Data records
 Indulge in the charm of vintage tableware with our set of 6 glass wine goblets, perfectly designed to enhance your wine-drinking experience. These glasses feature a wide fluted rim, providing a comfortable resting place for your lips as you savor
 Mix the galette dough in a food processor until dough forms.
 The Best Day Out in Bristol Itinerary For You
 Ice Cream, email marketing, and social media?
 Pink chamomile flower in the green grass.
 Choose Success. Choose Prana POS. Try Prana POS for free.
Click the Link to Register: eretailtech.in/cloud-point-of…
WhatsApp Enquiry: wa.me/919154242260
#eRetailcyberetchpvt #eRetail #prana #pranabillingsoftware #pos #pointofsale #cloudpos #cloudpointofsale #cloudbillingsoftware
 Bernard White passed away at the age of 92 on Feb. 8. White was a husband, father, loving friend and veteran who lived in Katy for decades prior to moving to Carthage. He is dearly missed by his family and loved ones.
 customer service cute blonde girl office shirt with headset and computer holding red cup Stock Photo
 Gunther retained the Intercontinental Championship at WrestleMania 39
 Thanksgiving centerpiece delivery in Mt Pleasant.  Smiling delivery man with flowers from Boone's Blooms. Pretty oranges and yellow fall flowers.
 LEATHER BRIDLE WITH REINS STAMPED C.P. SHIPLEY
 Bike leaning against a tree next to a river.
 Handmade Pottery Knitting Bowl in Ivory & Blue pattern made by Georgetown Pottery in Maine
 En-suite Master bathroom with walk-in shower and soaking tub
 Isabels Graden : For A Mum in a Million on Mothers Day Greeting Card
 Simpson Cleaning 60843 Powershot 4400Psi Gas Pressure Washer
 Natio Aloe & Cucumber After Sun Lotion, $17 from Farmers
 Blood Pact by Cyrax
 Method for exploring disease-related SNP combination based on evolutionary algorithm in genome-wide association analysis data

ACTIVITY
The line containing "Simpson Cleaning 60843" marks where to begin; the last line of the records marks where to stop. Copy both and all between, exactly.

WORKED SOLUTION
 Simpson Cleaning 60843 Powershot 4400Psi Gas Pressure Washer
 Natio Aloe & Cucumber After Sun Lotion, $17 from Farmers
 Blood Pact by Cyrax
 Method for exploring disease-related SNP combination based on evolutionary algorithm in genome-wide association analysis data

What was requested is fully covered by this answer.